Liquefaction analysis has shown that only 4.2% of the total locations is having a factor of safety less than one whereas about 14.7% has a factor of safety in between 1 and 2. About 12.5% has a value of 2 to 3 and about 68% has a factor of safety value more than 3. About 33% of the locations has silty clay soil which may cause stress reduction in soil during earthquake as they are having liquid limit more than 33 and plasticity index greater than 12. It is also found that areas close to water body and streams have the factor of safety less than unity. The borelog of locations having factor of safety less than one clearly indicates that up to a depth of about 6 m very loose silty sand with clay and sand is present which are classified as medium to fine sand having very low field N values. Also in these locations shallow water table has been met, at about 1.2m from the ground level. These factors may attribute to the low factor of safety.

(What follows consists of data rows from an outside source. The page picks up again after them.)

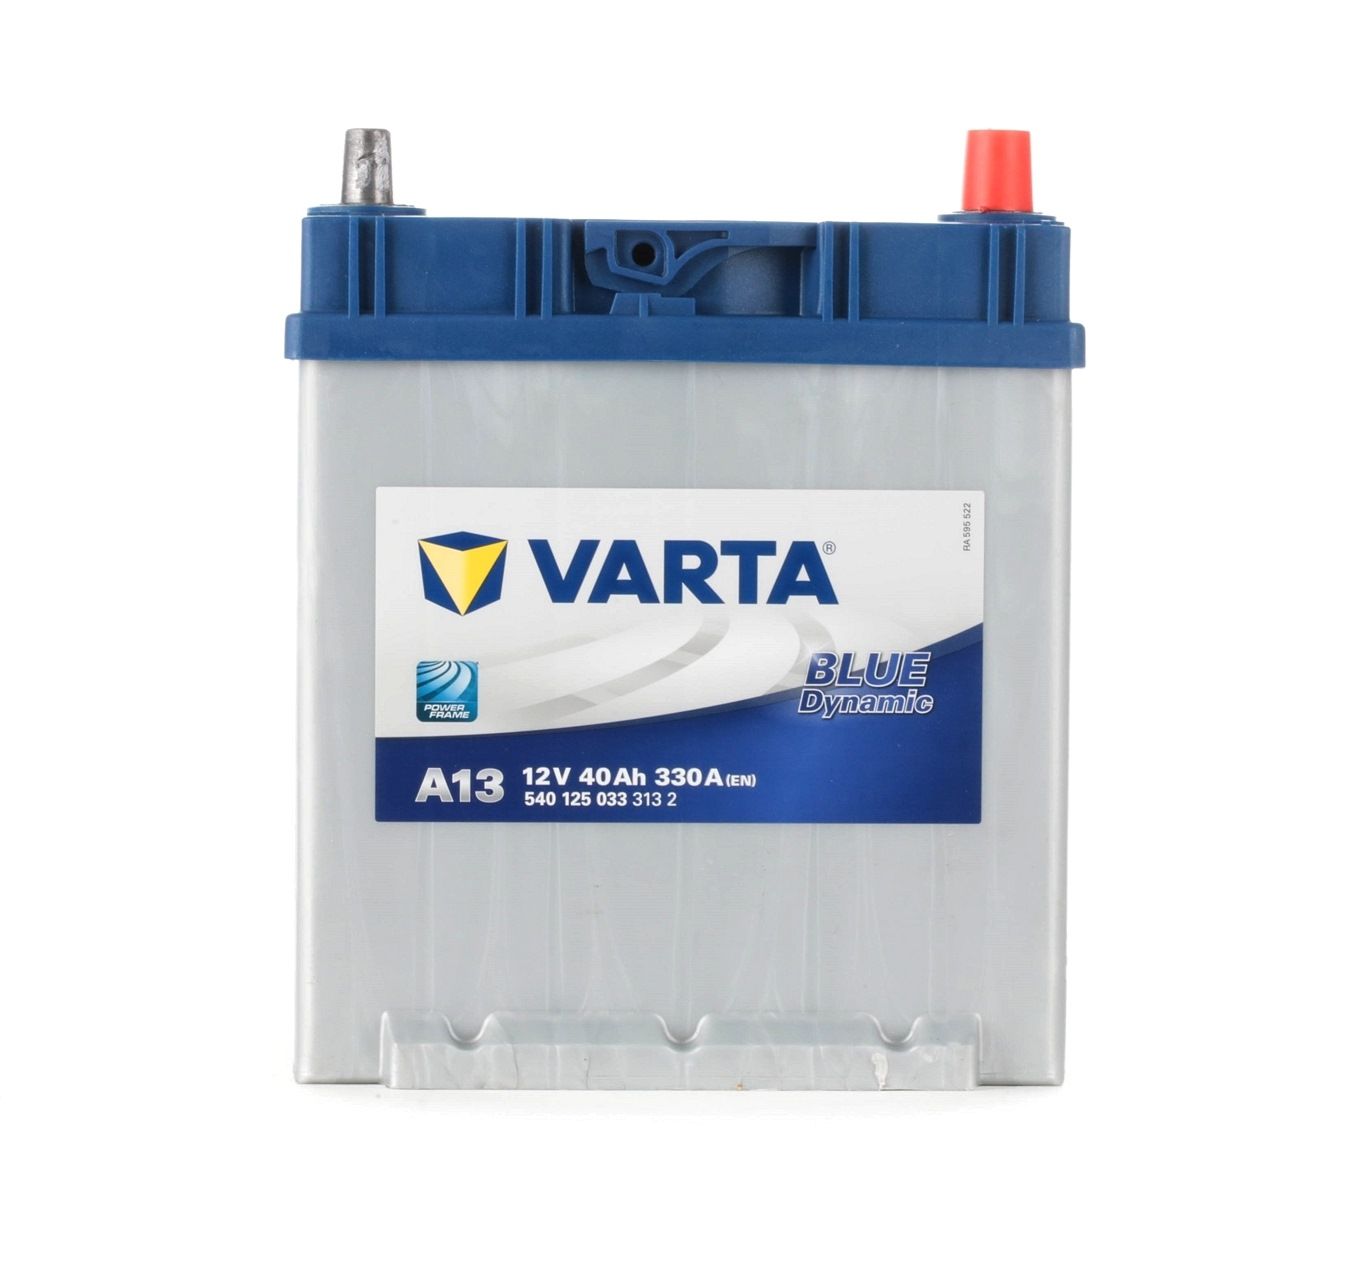 VARTA BLUE dynamic 5401250333132 Batterie de démarrage 12V 40Ah 330A B01 Batterie au plomb
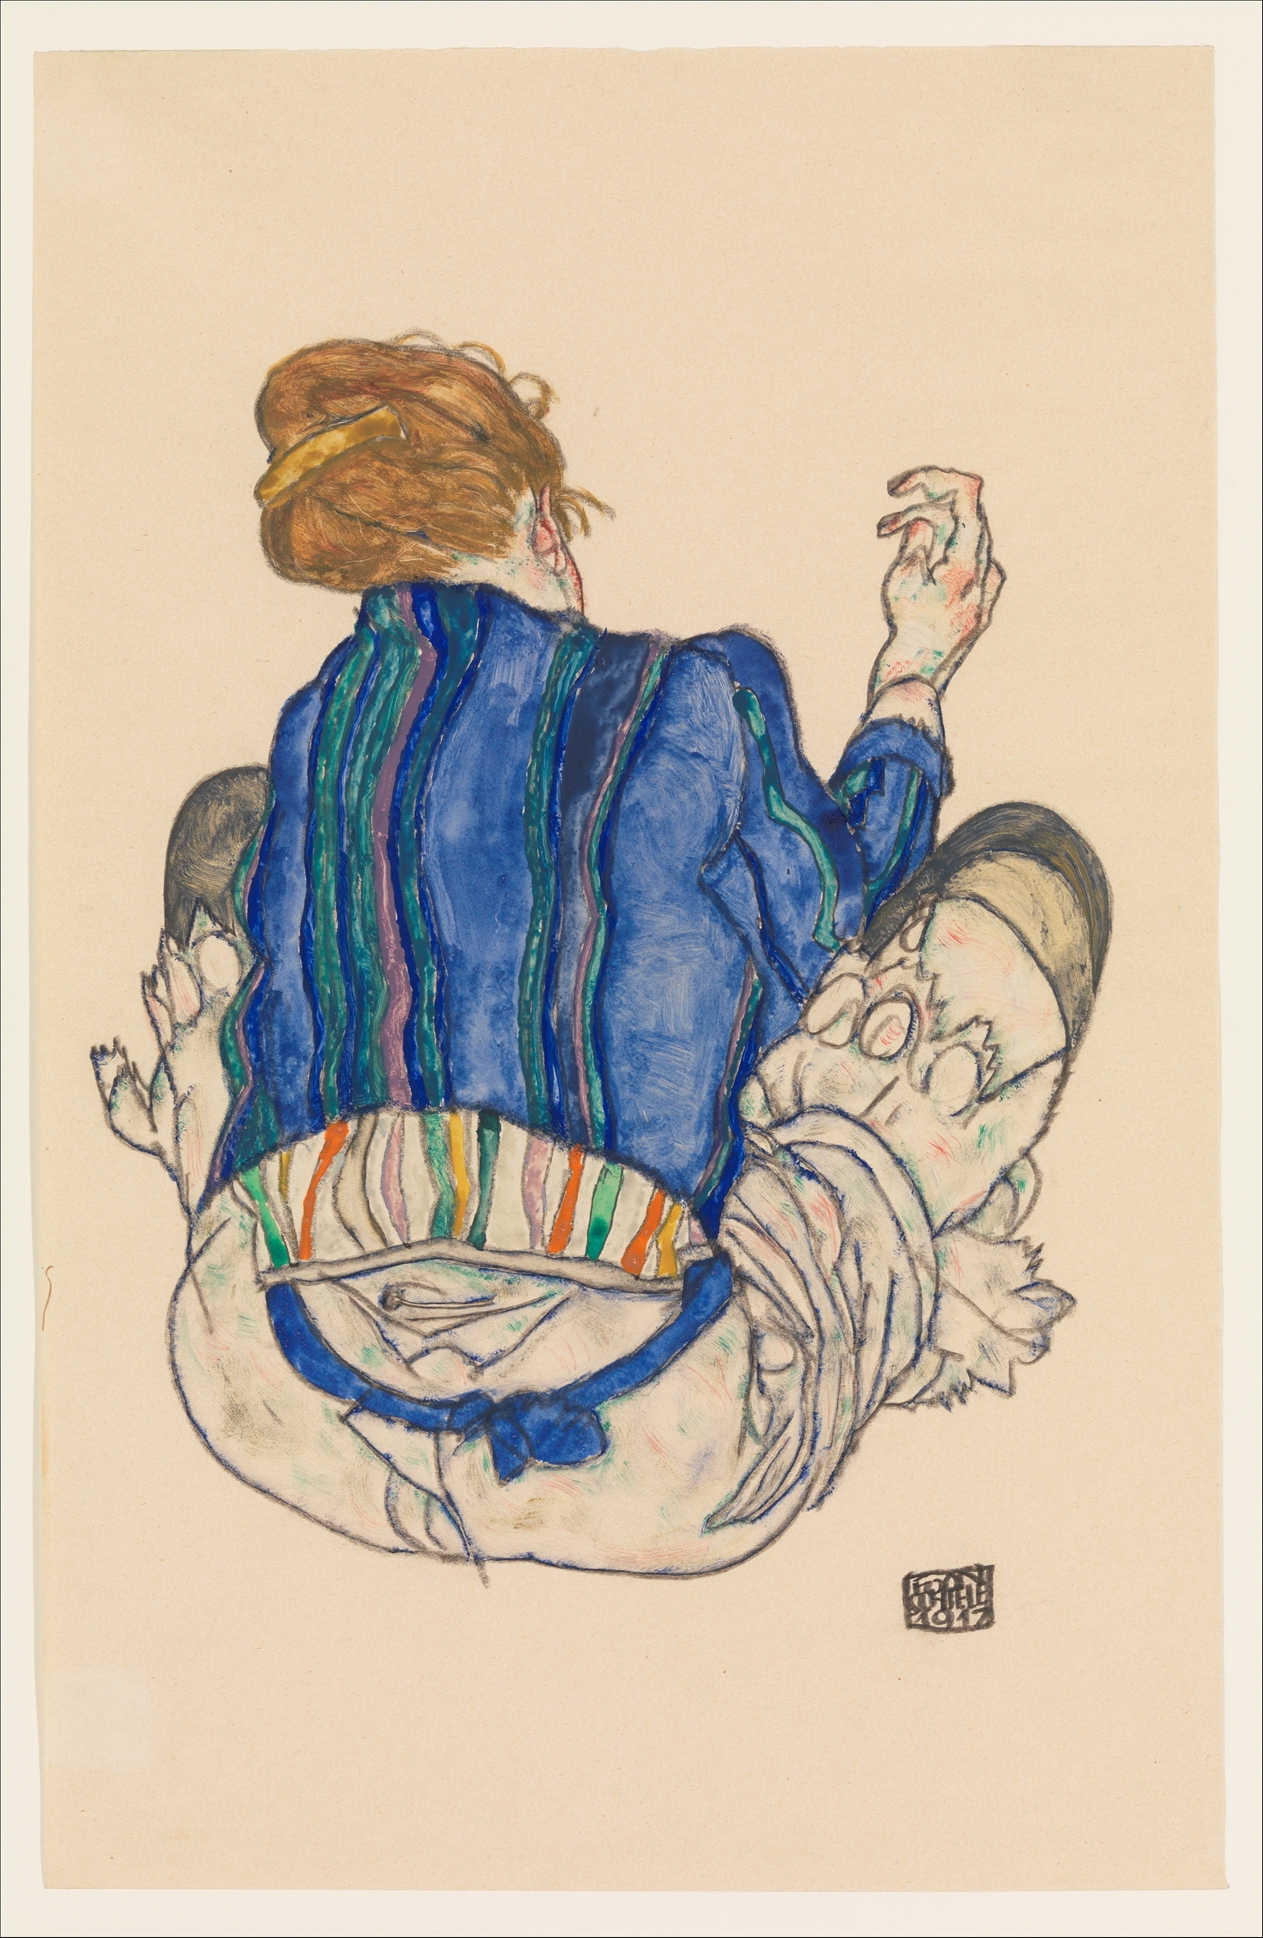 Ülő nő, hátsó nézet by Egon Schiele - 1917 - 46.4 x 29.8 cm 
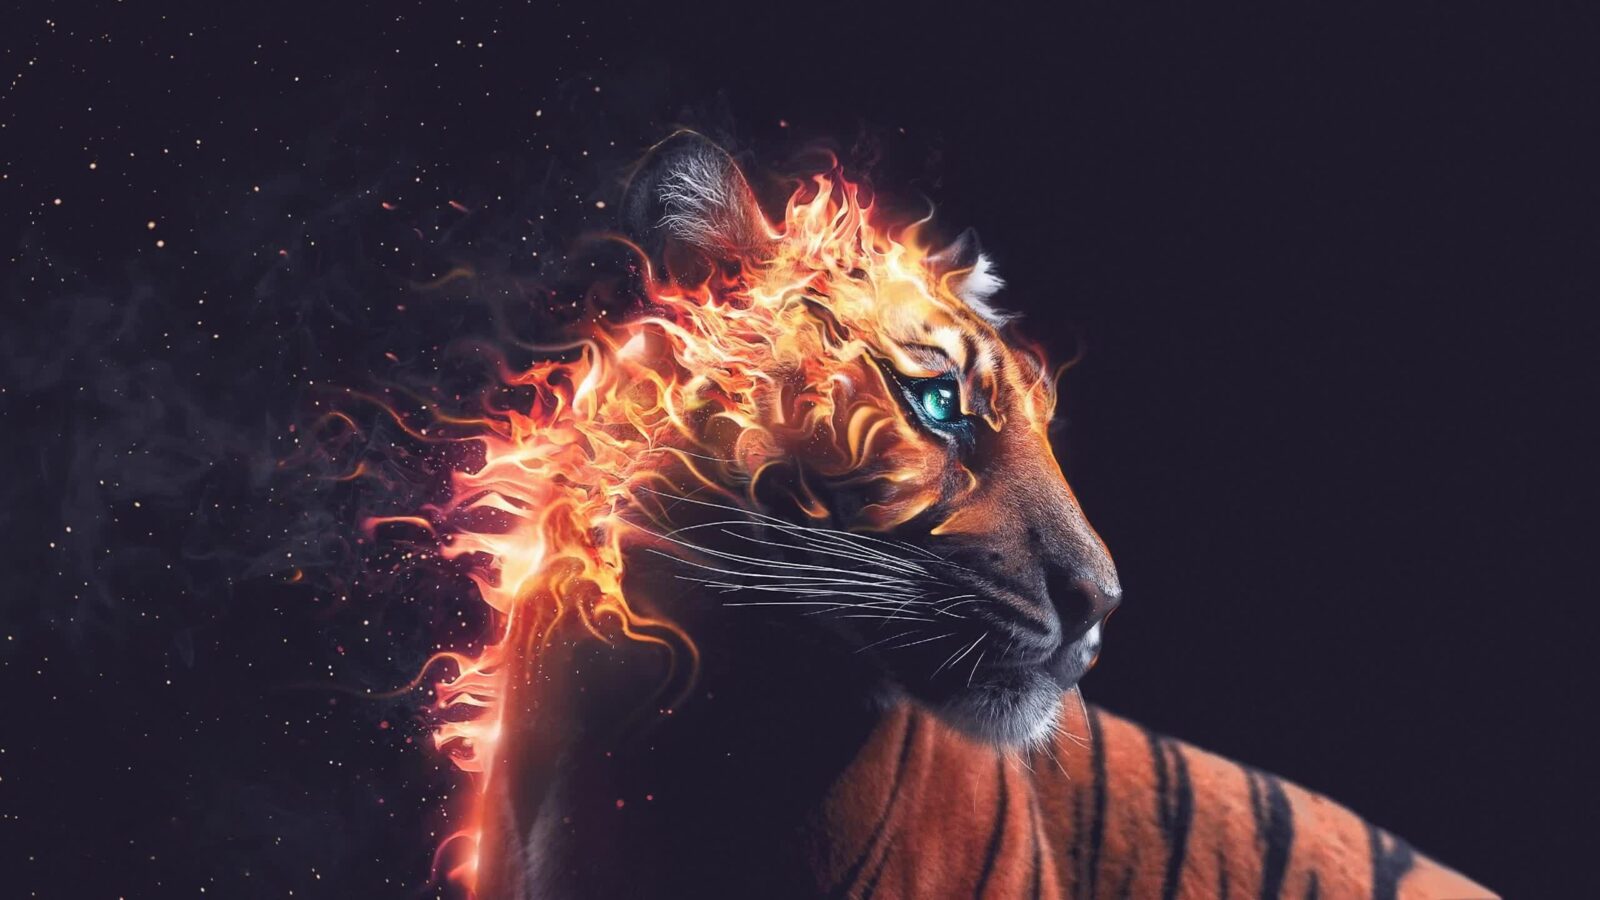 LiveWallpapers4Free.com | Fantasy Tiger in flames / Fire Mane - Live Desktop Wallpaper

Cyclic Triaxial Experiments on Undisturbed Soil Samples

Undisturbed samples were collected from few locations in (south west region) Bangalore city to verify the liquefaction potential of the soil. Cyclic triaxial tests have been carried out in the laboratory on the undisturbed soil samples collected from Boreholes locations of 482, 810 and 91. The tests have been carried out as per ASTM: D 3999 (1991) in strain controlled mode. Cyclic triaxial tests are carried out with double amplitude axial strains of 0.5%, 1% and 2% with a frequency of 1Hz. Typical cyclic triaxial test results are presented in Figures 9.9 and 9.10. Figure 9.9 shows the variation of deviatoric stress versus strain plot for more than 120 cycles of loading (axial strain = 0.25%; applied confining pressure 100 KPa, for the undisturbed sample corresponding to a depth 3m below GL, in-situ density of the soil sample 2.0 gm/cc with in-situ moisture content 15%, at 3.0m depth). Figure 9.10 shows the pore pressure ratio versus number of cycles. From these plots it is clear that even after 120 cycles, the average pore pressure ratio is about 0.94 and deviatoric stresses vs. strain plots have not become flat, indicating no liquefaction. The resistance to liquefaction of these soils is very high. The calculated factor of safety against liquefaction results for this borehole is also very high indicating no liquefaction and results matches well with the lab test results.